With its lack of (noticeable) air conditioning, the Congdon Anatomical Museum—located in an adjacent building—does not seem climatically suited to house the viscera and the other haphazard remains of post-human-hood that it does. Skeletons of giants, dwarves, men, women and children stand guard over displays of nervous, arterial and muscular systems, splayed out like road, topographical and elevation maps. Tattoos, the skin stretched like macabre canvas to reveal the fading and blurred ink work, are at once hideous and delicate. The room brings to mind the famed “Bodies” exhibition, but on a serious budget.
In the three years I’ve lived abroad, I have visited the Siriraj Medical Museum three times. It has become a yearly pilgrimage. A Siri-hajj, if you will. I could say that the museum serves as a vestibule in which I am able to quietly contemplate my own mortality, thanking whatever higher power I might believe in for my life and what remains of it. Live far away from home for long enough and you do start to examine the fleeting meaninglessness of existence, how your family and friends and yourself are slowly yet unceasingly nearing the brink. And how some of you will reach that edge first, tumble off it into the eternal maelstrom abyss of whatever does or does not come next. But mostly I just think this stuff is cool.

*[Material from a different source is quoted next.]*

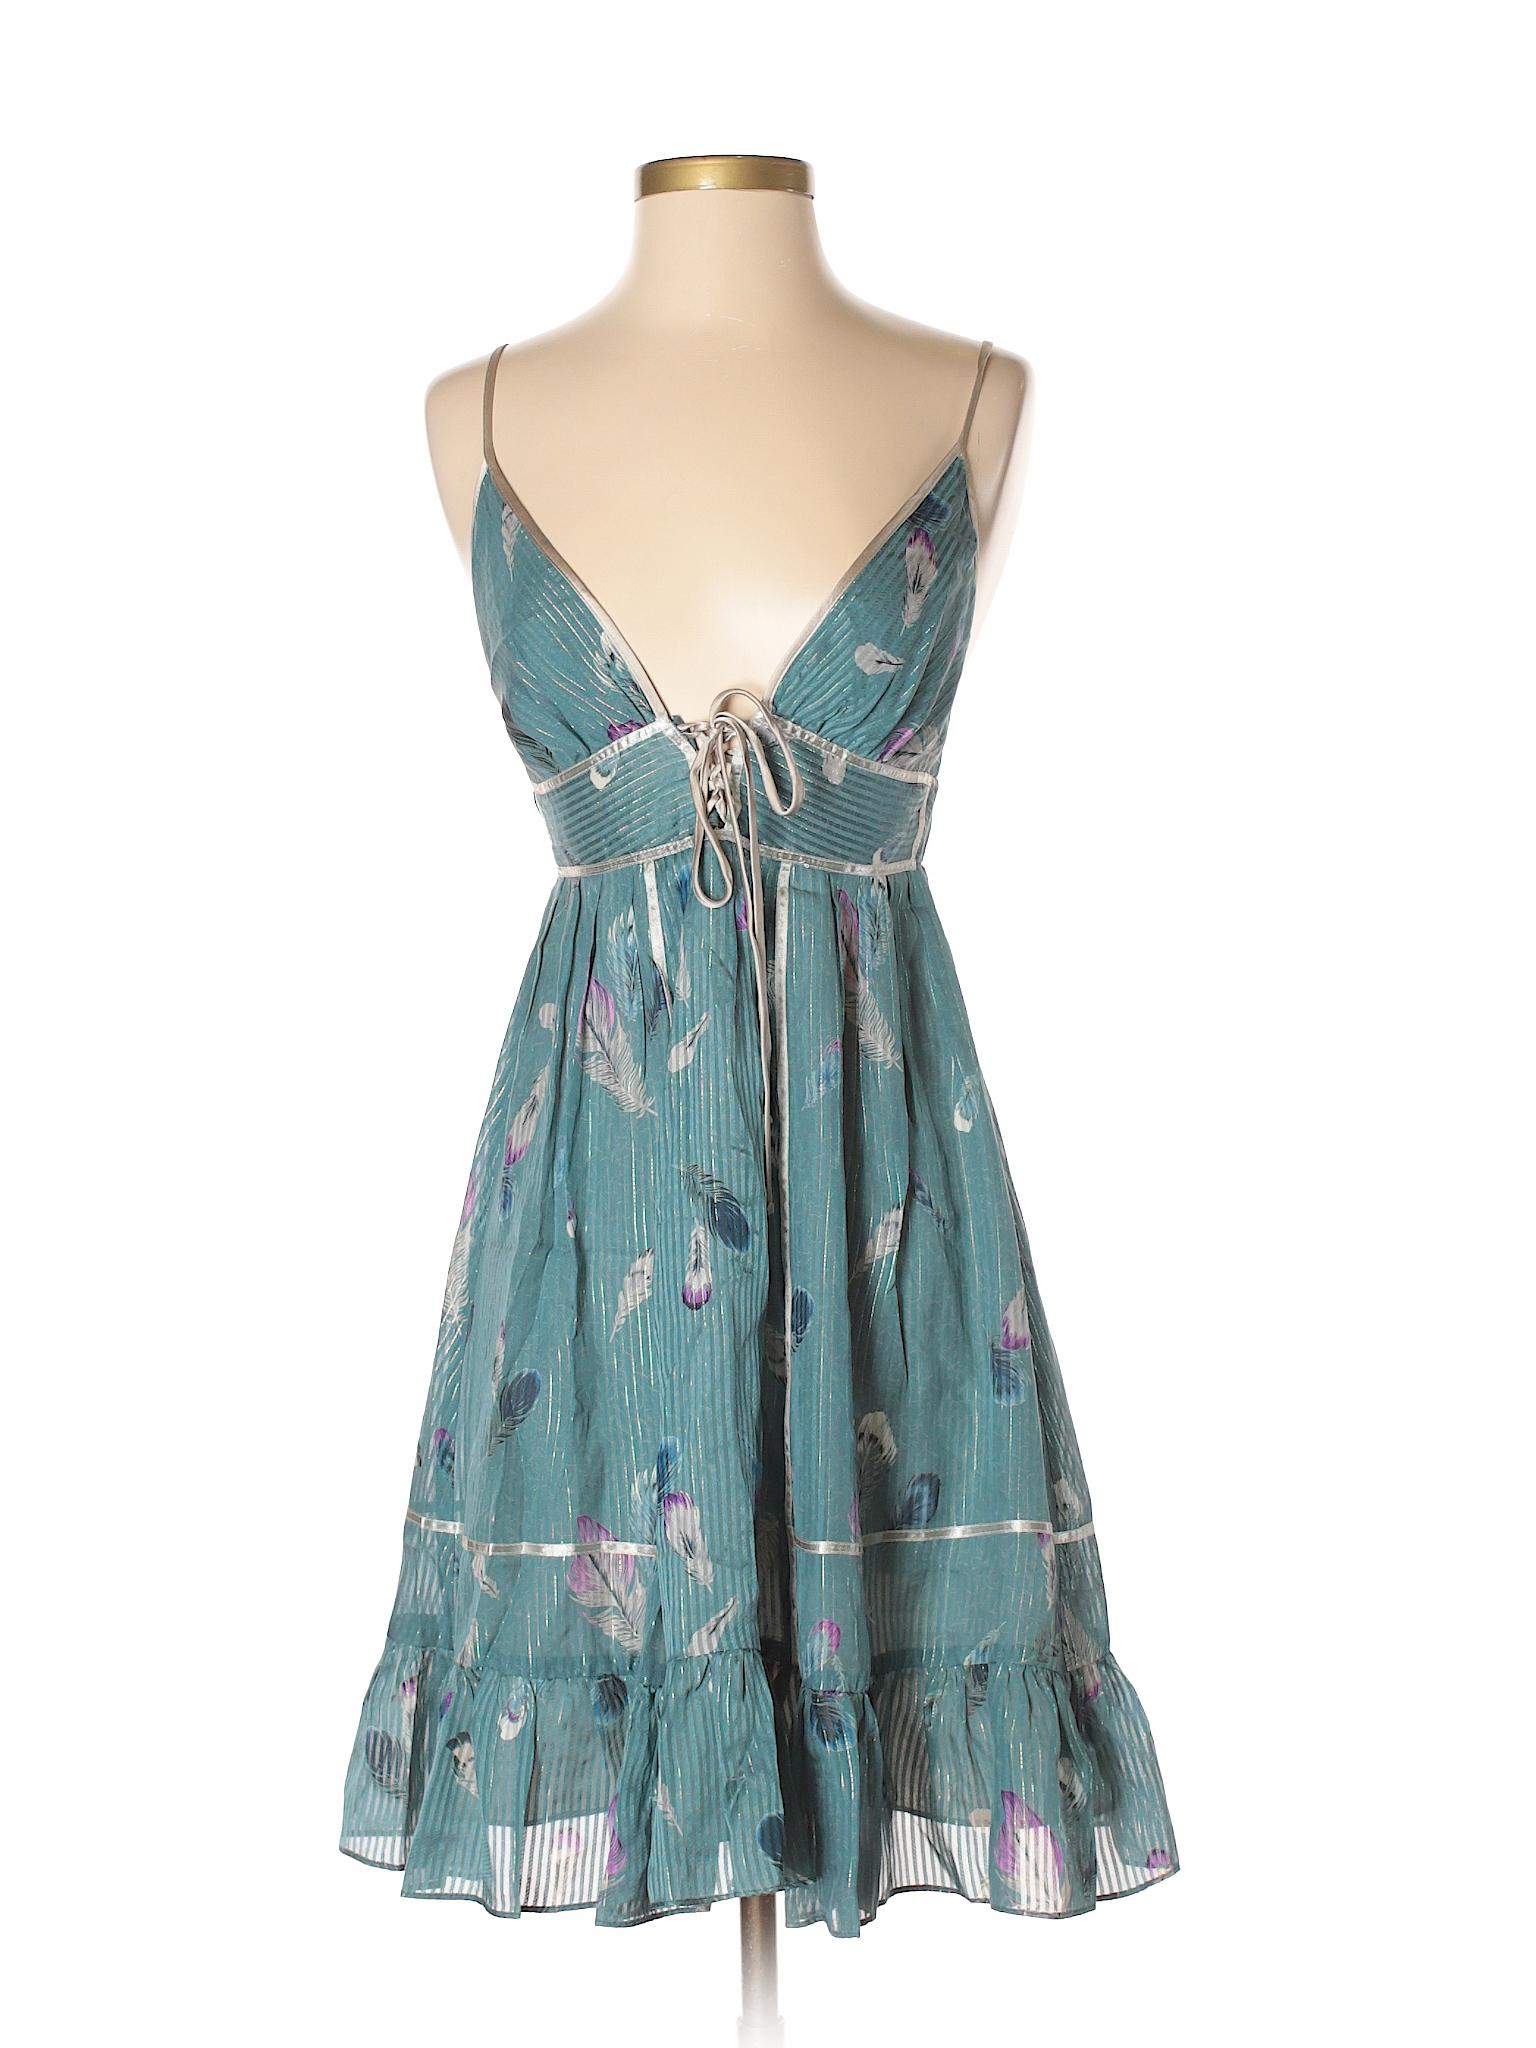 Foley Casual Boutique Dress Boutique Casual Foley Dress winter winter d0wId

Surprising still, even on this third visit, is the lack of English language descriptions of the oddities on display. Instead most exhibits are presented—perhaps this should have been obvious, but brash American entitlement has the tendency to obscure common sense—in Thai script, except for the odd scientific words, which we don’t even understand in English, like “medulloblastoma” and “thoracopagus.” Unless you opt for the guided audio tour, much of what you are observing is unknown, other than the obvious.

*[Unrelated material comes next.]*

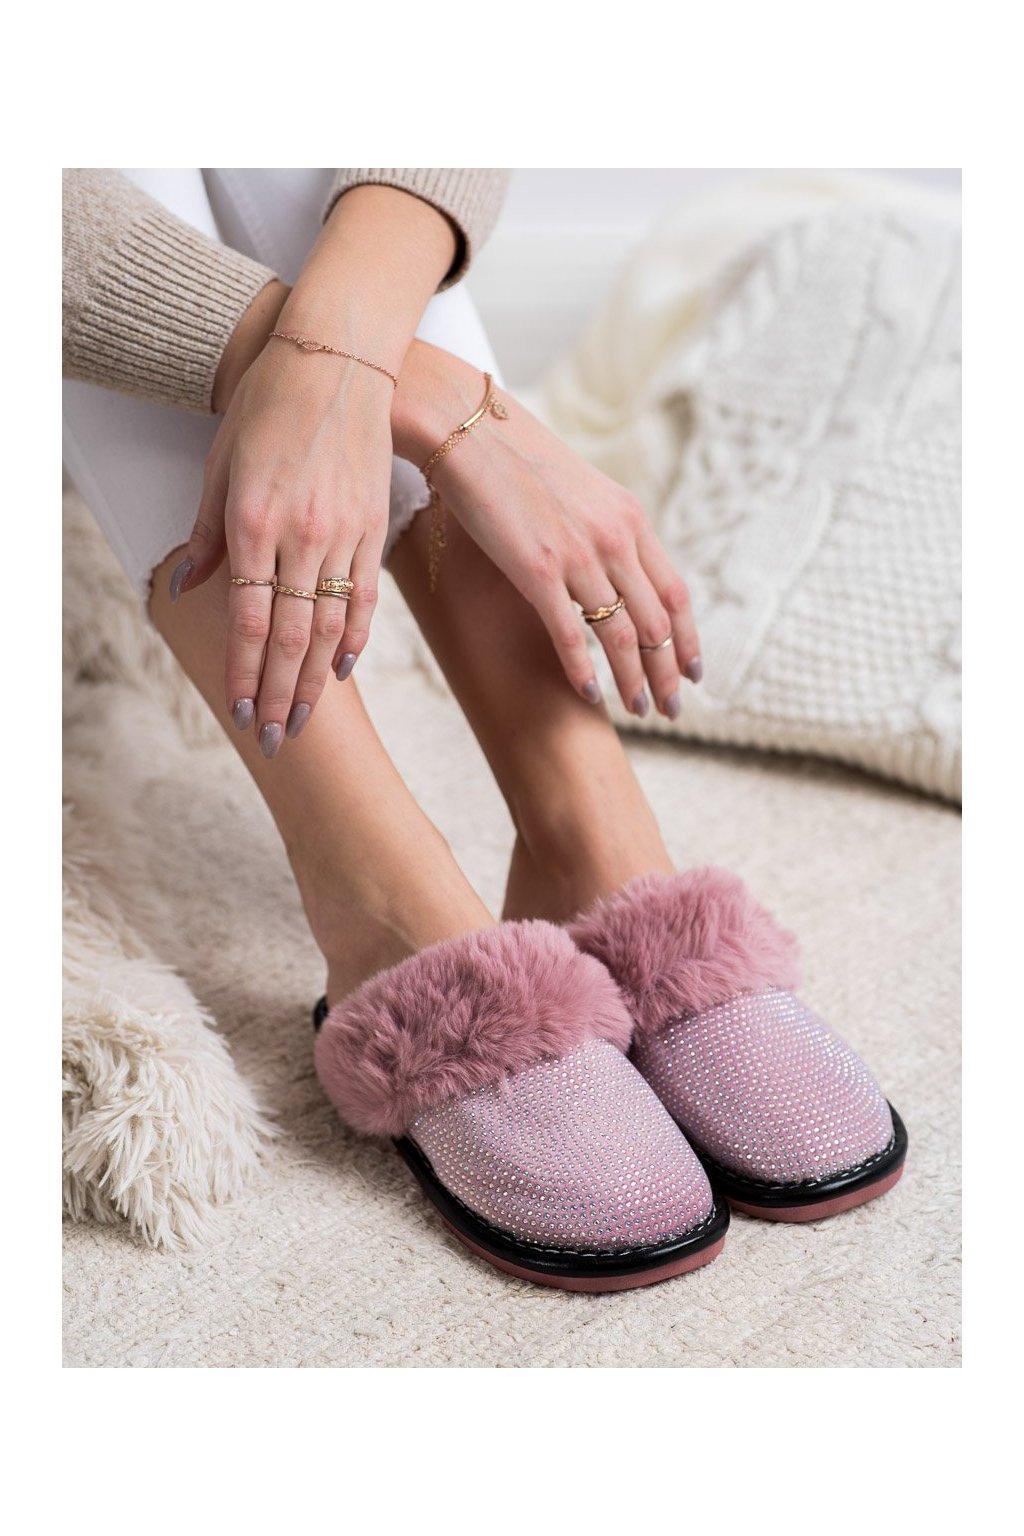 Fialové dámska obuv na doma Bona kod WG-215PU

What better way to confront death? Knowing just enough, but nowhere near the whole ball of wax. Death is ineluctable; it surrounds us. Like the Thai language, it is a foreign thing, incomprehensible on a good day.
If the Siriraj Museum teaches us anything, it is that death is here, always lurking; like a cancer, a liver fluke or the glittering blade of a knife. It twines through our legs like a pet cat. It flits through the air on leathery wings. Death waits, or it does not. It is a fickle assassin, acting on the whims of fate, God, bad luck, whatever you may call it. But this does not matter—ascribing a motive to the Grim Reaper is an impotent exercise in anxiety- and fear-driven futility. Once you are dead, all else is moot. The only question is when He will arrive to collect what has all along been His.
Tomorrow? Ten years? Fifty? Right now?
As the Thai king heads home, and the related festivities dwindle, I exit the museum, stepping into the thick sludge of afternoon heat. I draw a breath, and I go about my day, and I wait.
Adam Kohut is an American living in Bangkok, where he works as a journalist.